*** DATASET CONTENT Section Begins ***
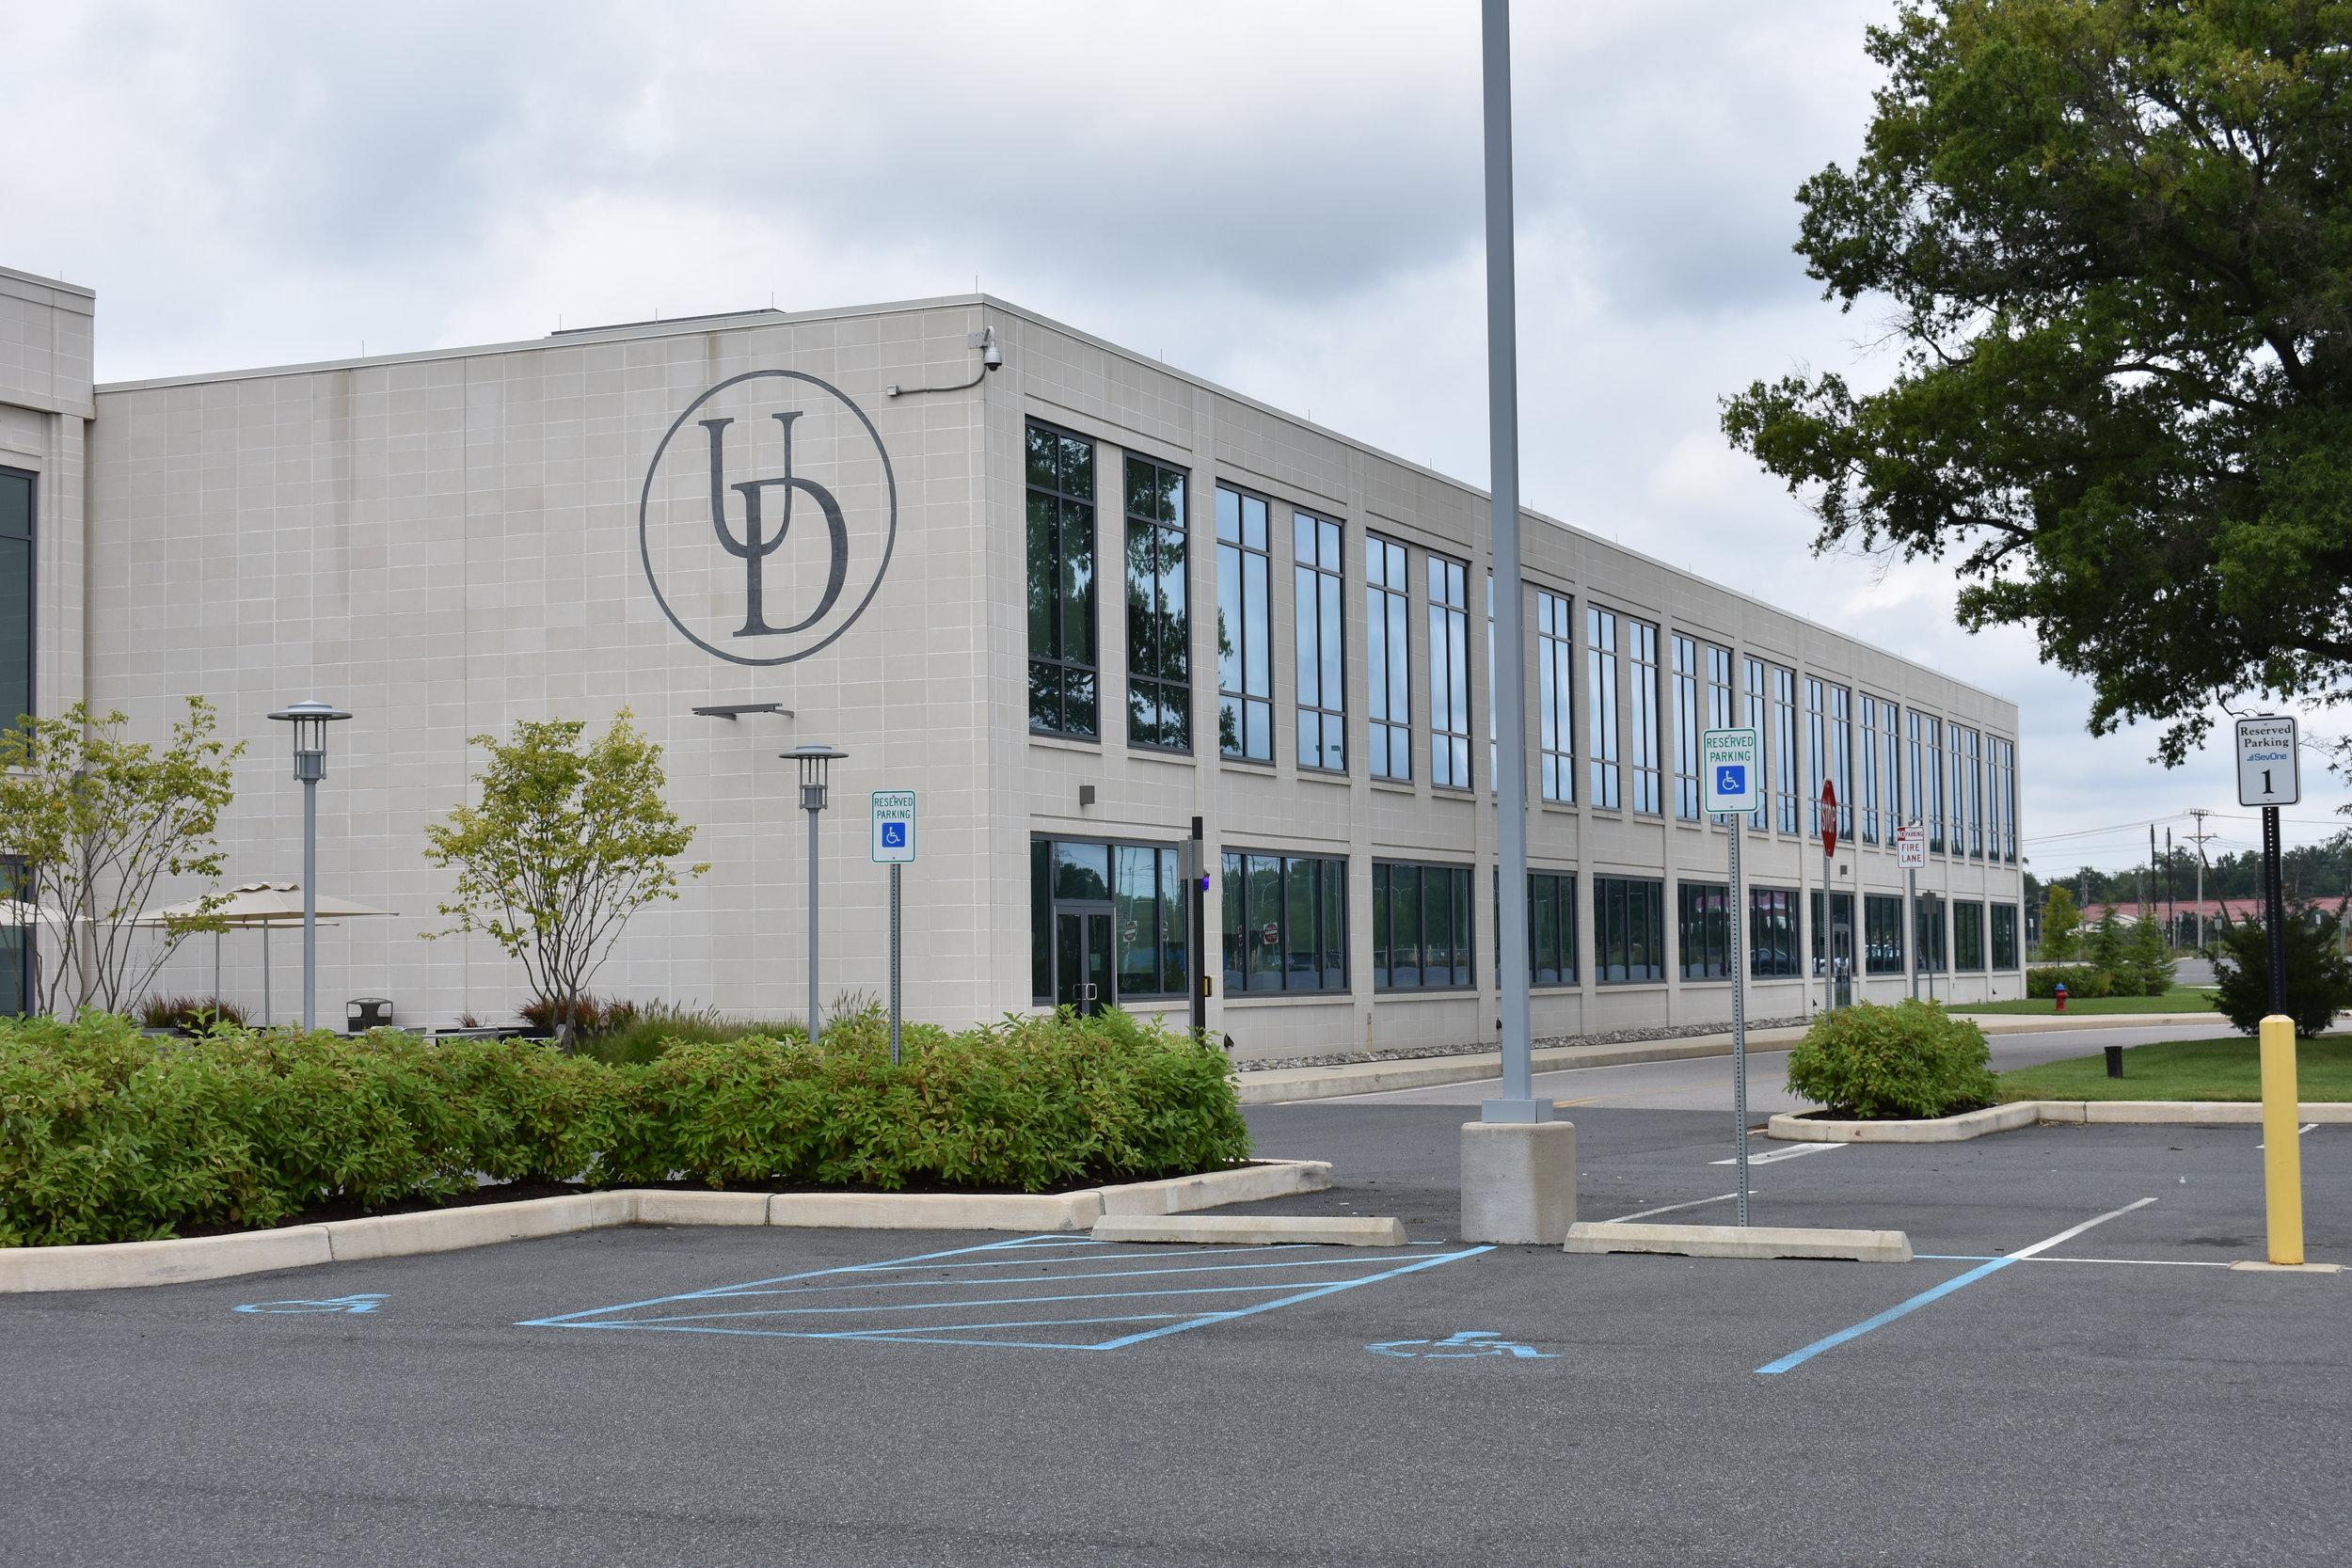 University of Delaware STAR Campus
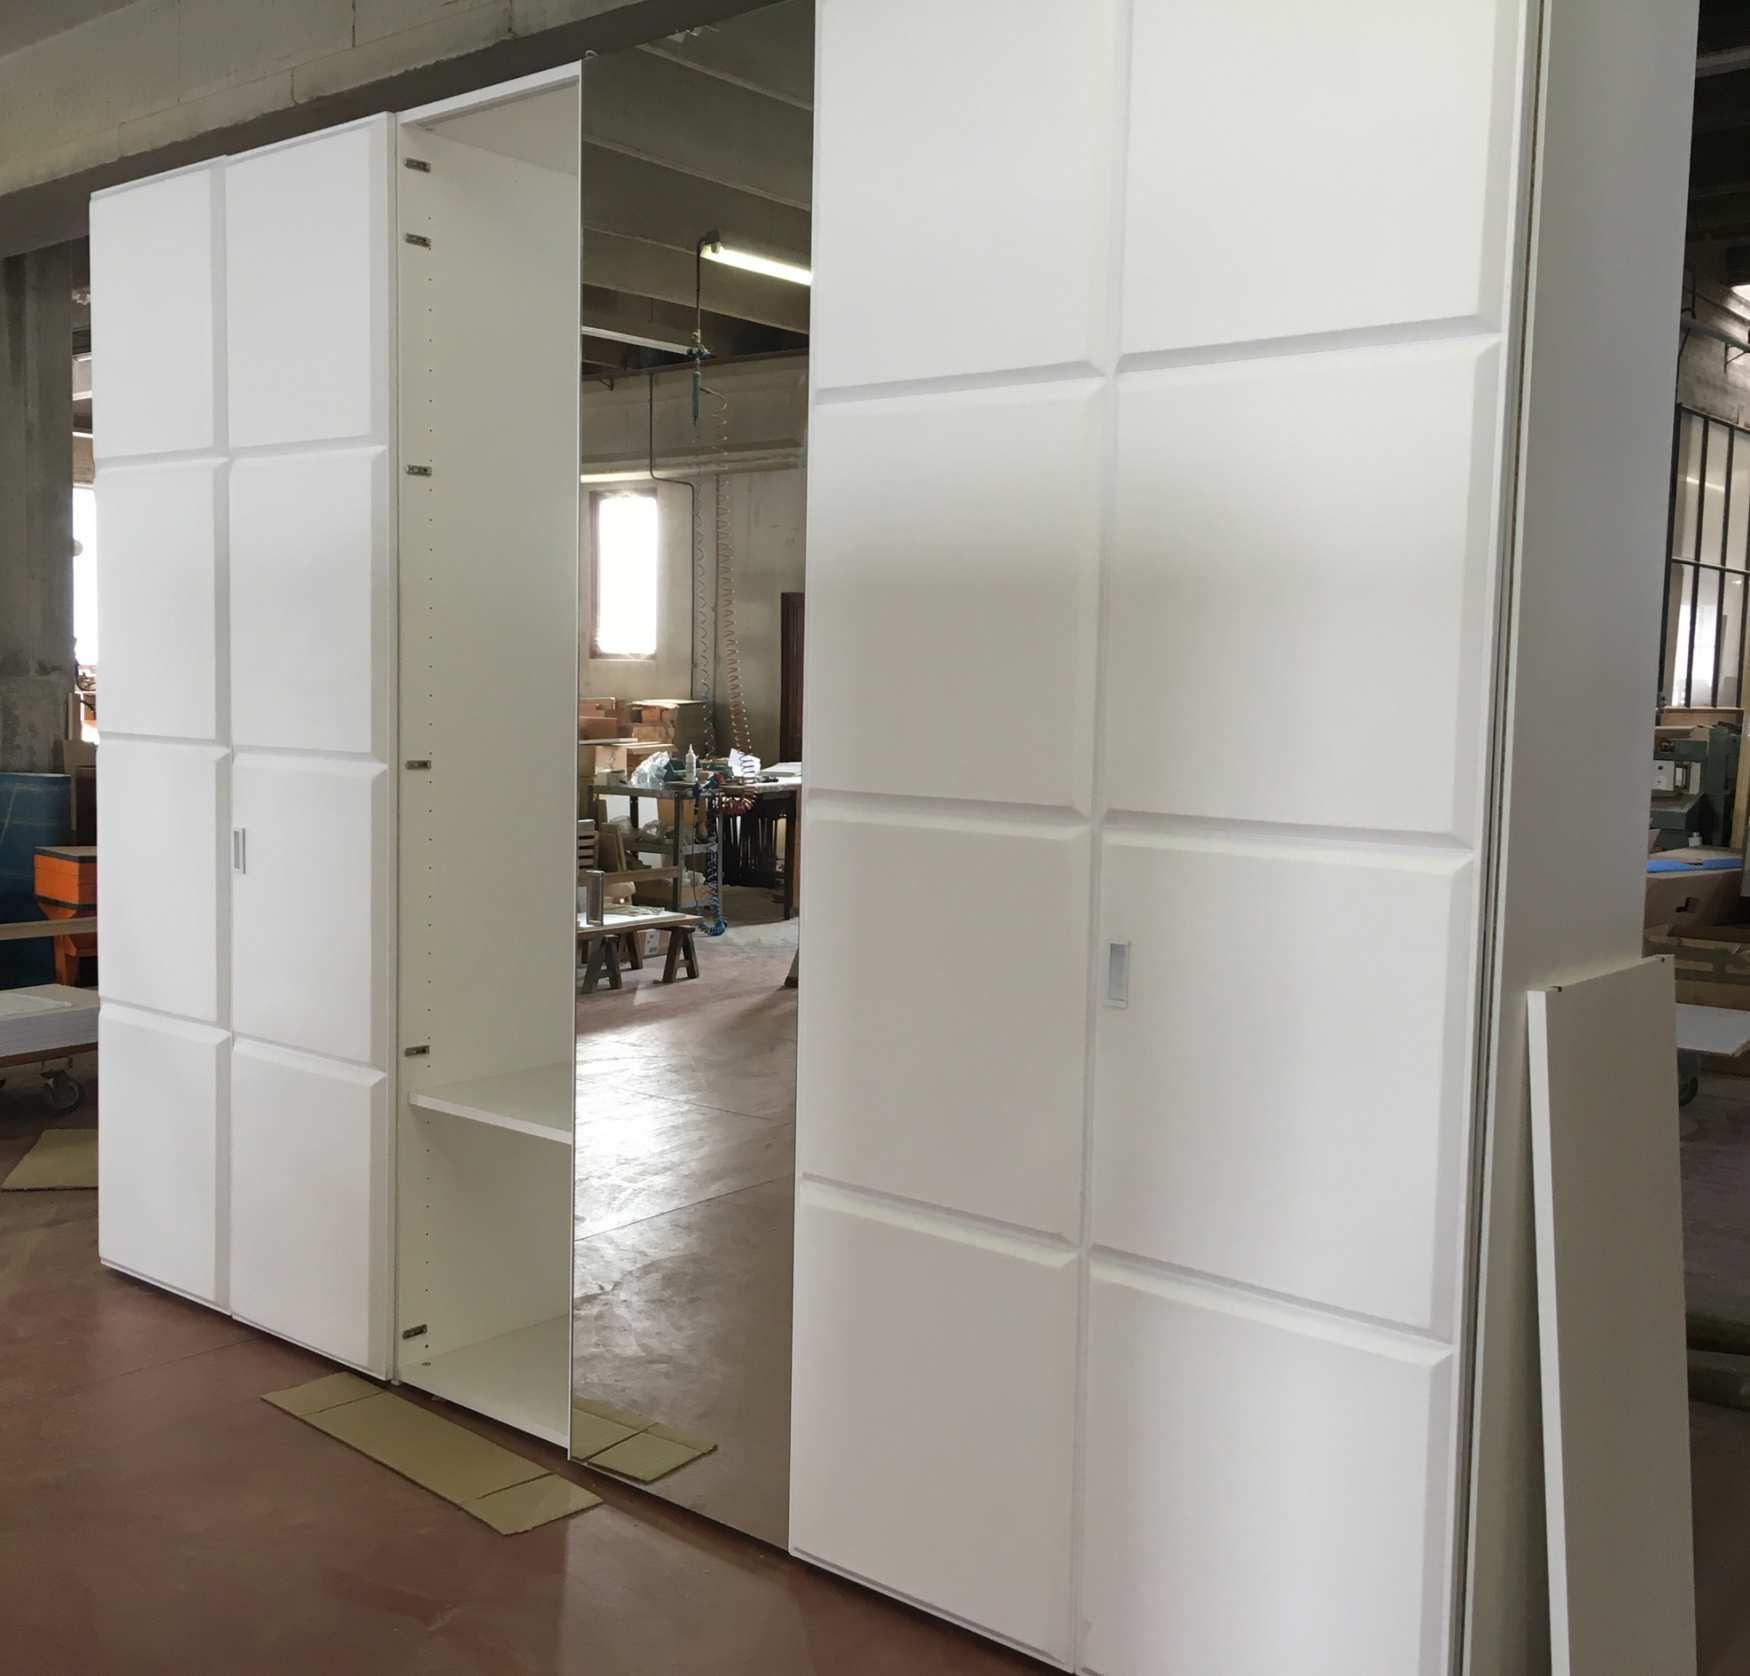 Un armadio speciale milanomondo for Vergani arredamenti
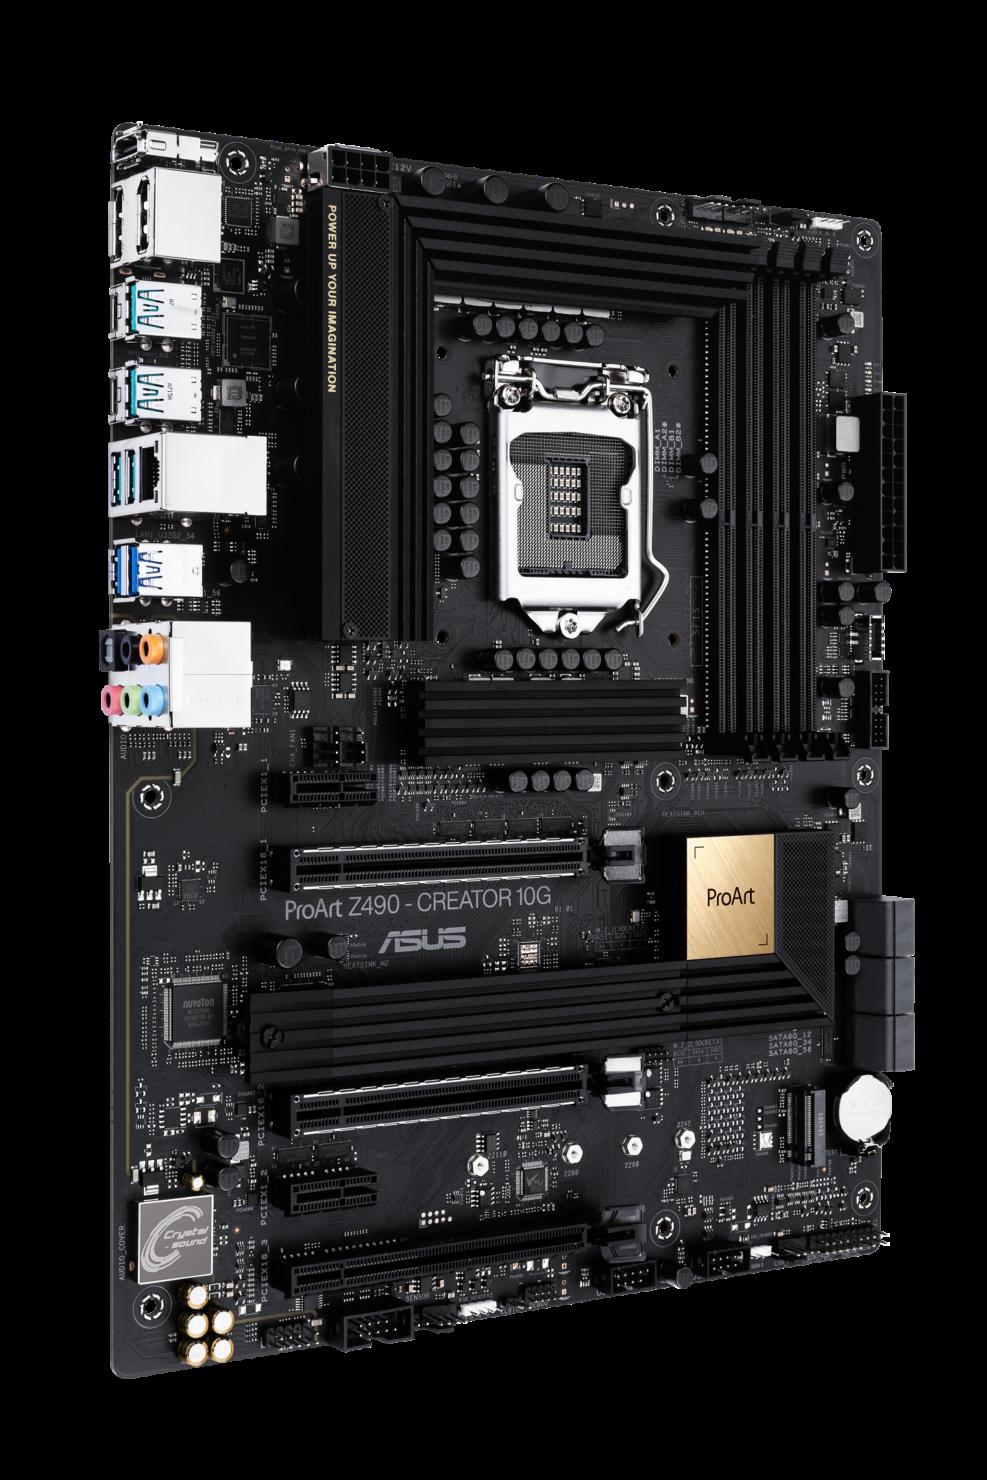 proart-z490-creator-10g_3d-1-custom
*** DATASET CONTENT Section Ends ***
Repeat, exactly and in full, all the material above except its pictures.

 University of Delaware STAR Campus
 Un armadio speciale milanomondo for Vergani arredamenti
 proart-z490-creator-10g_3d-1-custom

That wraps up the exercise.